Часто, после срыва очередной директивы квадратных, Джоуль начинал бегать по окопам и в своей игривой манере приставать к солдатам, заглядывать к ним в глаза, ластиться и заигрывать с ними. Он словно бы хотел сказать им этими заигрываниями: "Не нужно ли вам от меня чего-нибудь еще, хомо? Если нужно, то не стесняйтесь, дайте мне знать немедленно и я сделаю для вас все, что смогу".
Если бы квадратные до сих пор получали подтверждения или рапорты об исполнении своих директив, то они, вероятно, скрипели бы сейчас зубами в своих боксах или лопались в них от злости и негодования. Но таких подтверждающих рапортов уже давно никто не отправлял, в этом заключалась сейчас тонкая игра высшего нагейного командования, и поэтому все оставались при своих жизнях, а роль Джоуля была чуть ли не ключевой в этой игре, и он с нею замечательно справлялся.
Постепенно за Джоулем закрепилась репутация главного фронтового миротворца и его горячо полюбили бойцы обеих армий. А ведь он был совсем молодой собакой и только начинал свою поисковую и боевую карьеру.
Всем было очевидно, что Джоуля ждет еще не один обнаруженный бункер глубокого залегания, и что еще множество директив квадратных будет им сорвано, а значит множество хомовеческих жизней будет длиться дальше во многом благодаря ему. Да ведь уже и сейчас, многие окопники с обеих сторон были обязаны Джоулю своими жизнями. Он точно имел хорошую перспективу получить свой личный алтарь еще при жизни и в самом начале своей карьеры.

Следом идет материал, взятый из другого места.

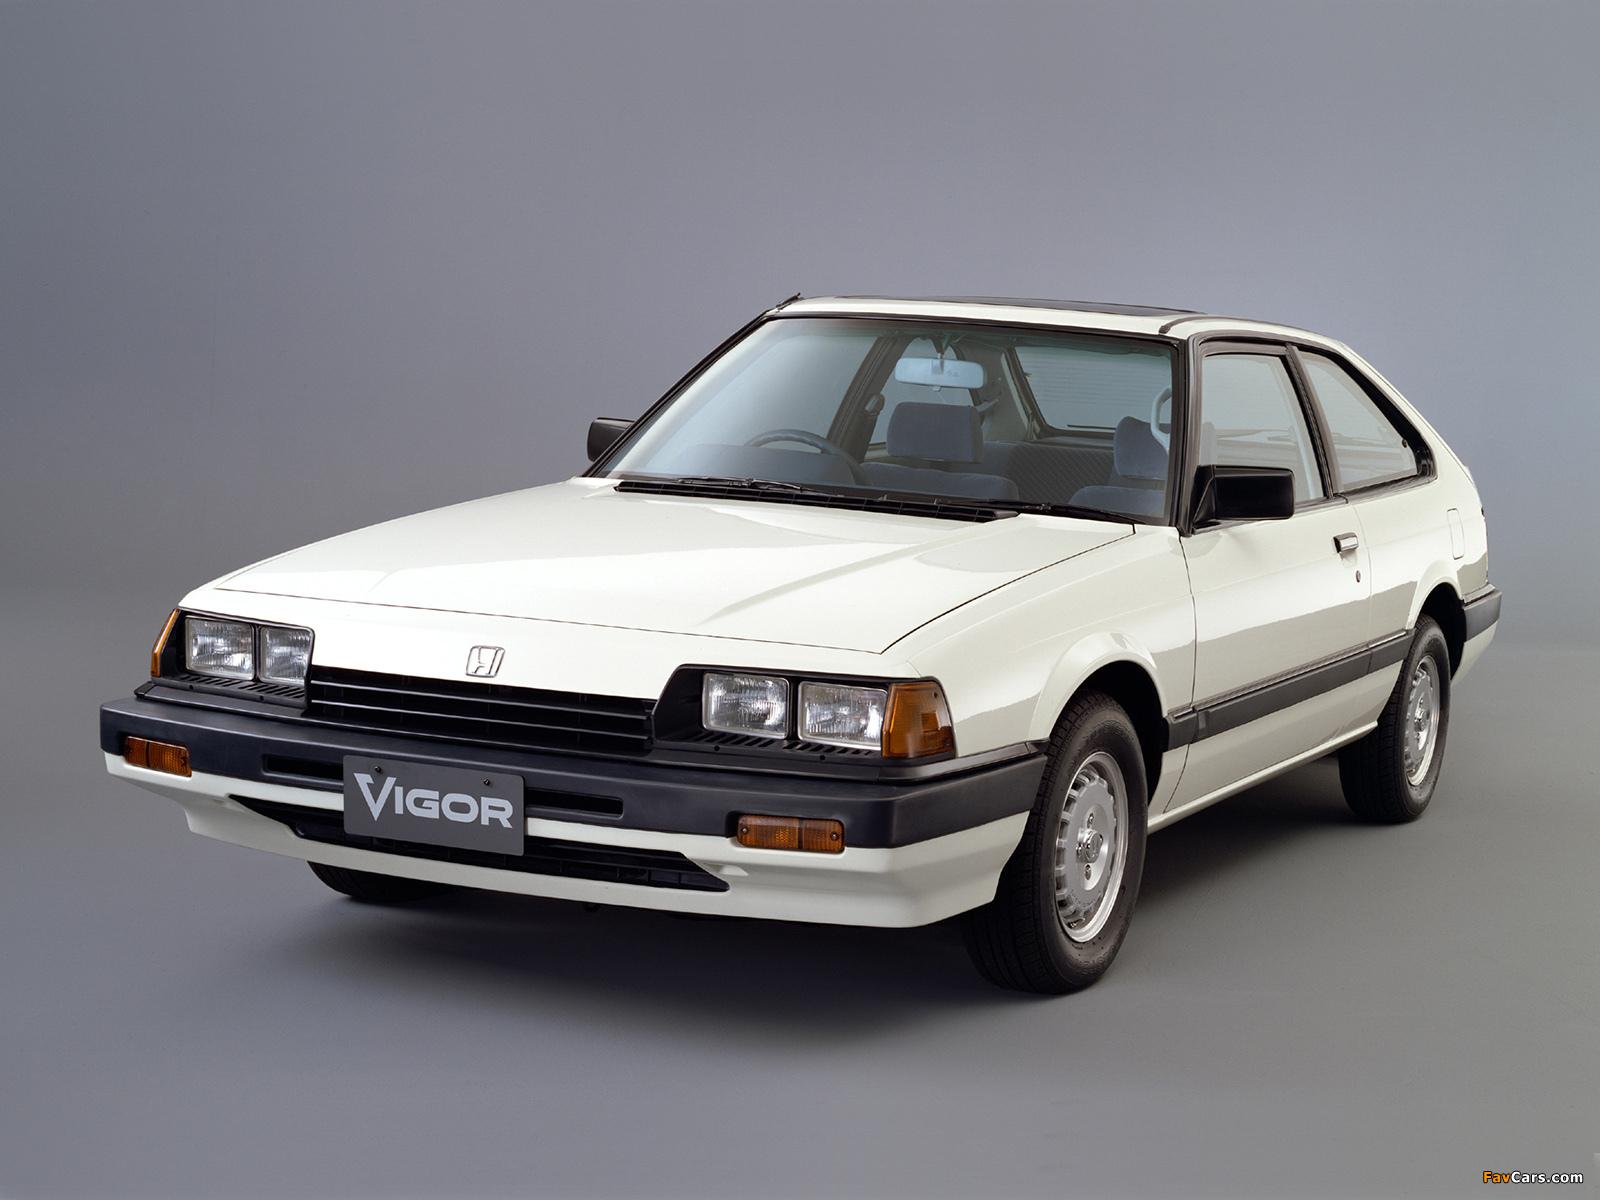 Honda Vigor Technical Specifications And Fuel Economy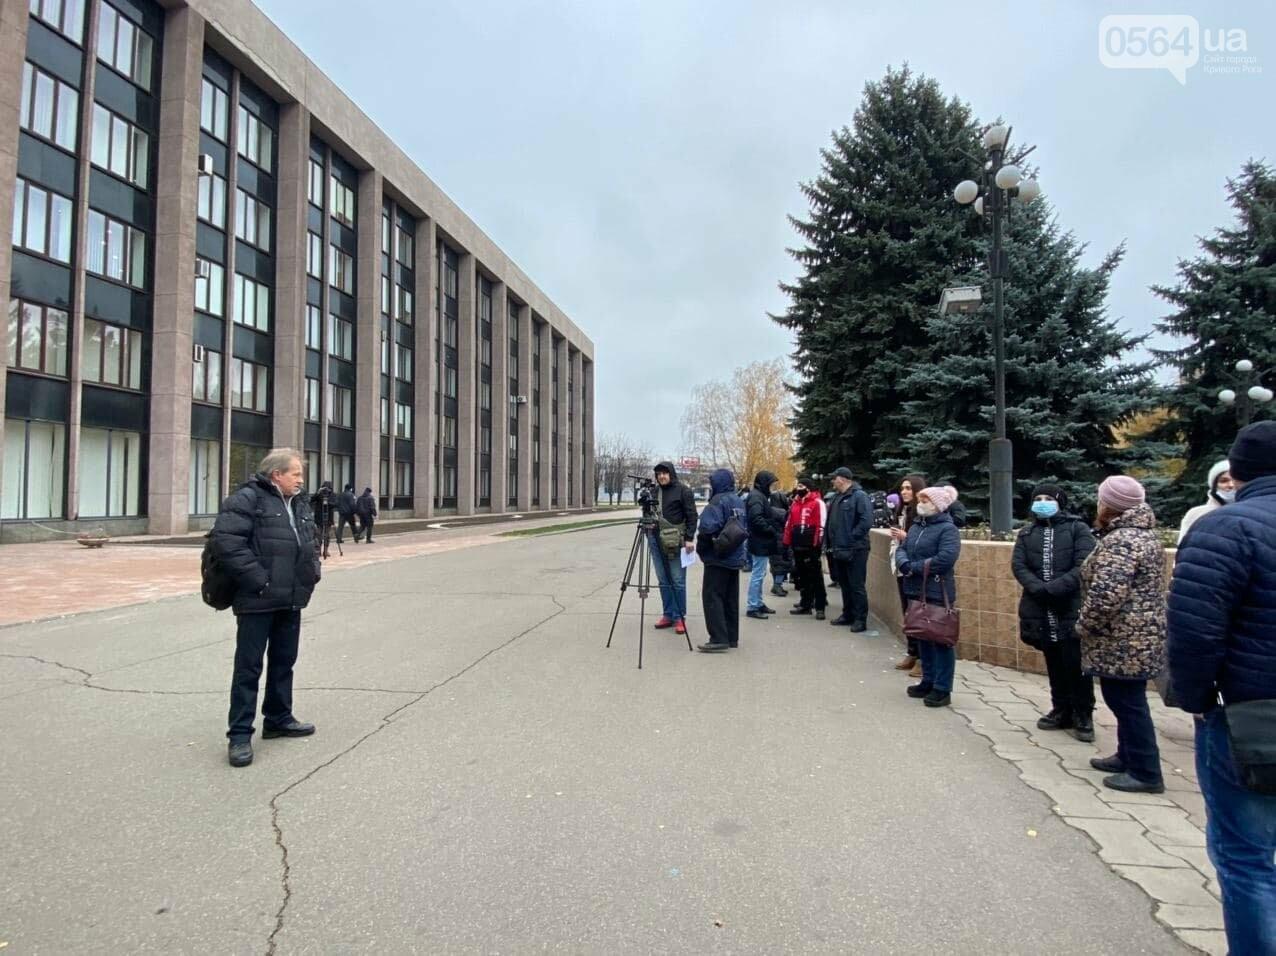 Представители малого бизнеса продолжили протест возле мэрии Кривого Рога, - ФОТО, ВИДЕО, фото-11

Вот какую собаку выпало сопровождать Маю. Еще получая сопроводительные документы на Джоуля в полковой канцелярии, он подумал, что вся эта история - чья-то злая шутка, розыгрыш, прихоть какой-то безразличной к человеческой боли могущественной и злой сущности, или что-нибудь в этом роде. И еще он тогда подумал, что лучше бы ему поручили сопровождать на операцию Ома, Ампера или Рентгена - заслуженных фронтовых ветеранов.
Ом, Ампер и Рентген по собачьим меркам были уже глубокими стариками, и, возможно, они действительно бы ничего не заметили, подвергшись той омерзительной операции, и их жизнь действительно сделалась бы после этой проклятой операции более спокойной и ровной. Ом, Рентген и Ампер за свою карьеру были несколько раз ранены и сейчас они уже не бросались по первому зову на линию огня за какой-нибудь косточкой, кусочком мяса или тушкой ящерицы. Нет, они теперь предпочитали лежать в тени, где-нибудь возле полевой кухни или возле временного пункта снабжения, лениво обмахиваясь хвостами и наблюдая за происходящим из-под положенной на нос лапы. Конечно, у них были свои заслуги перед фронтом, и не малые (у Ампера был уже и свой передвижной алтарь), но с молодым, полным сил и энергии Джоулем их было уже не сравнить. И еще у всех этих старых псов были очень выразительные глаза. Это были как бы глаза хомо, но не взрослого хомо, а глаза ребенка, такого ребенка, который ужу успел повидать за свою короткую жизнь то, на что детям смотреть не полагается, по крайней мере до достижения определенного призывными законами возраста. У Джоуля тоже были очень выразительные глаза, но они все еще оставались доверчивыми, ясными и спокойными. Это тоже были глаза ребенка, но такого ребенка, который еще не успевшего столкнуться с мерзостями этого мира, еще не успевшего испытать на себе его подлость, эти глаза еще не успели впитать в себя его боль и страдания.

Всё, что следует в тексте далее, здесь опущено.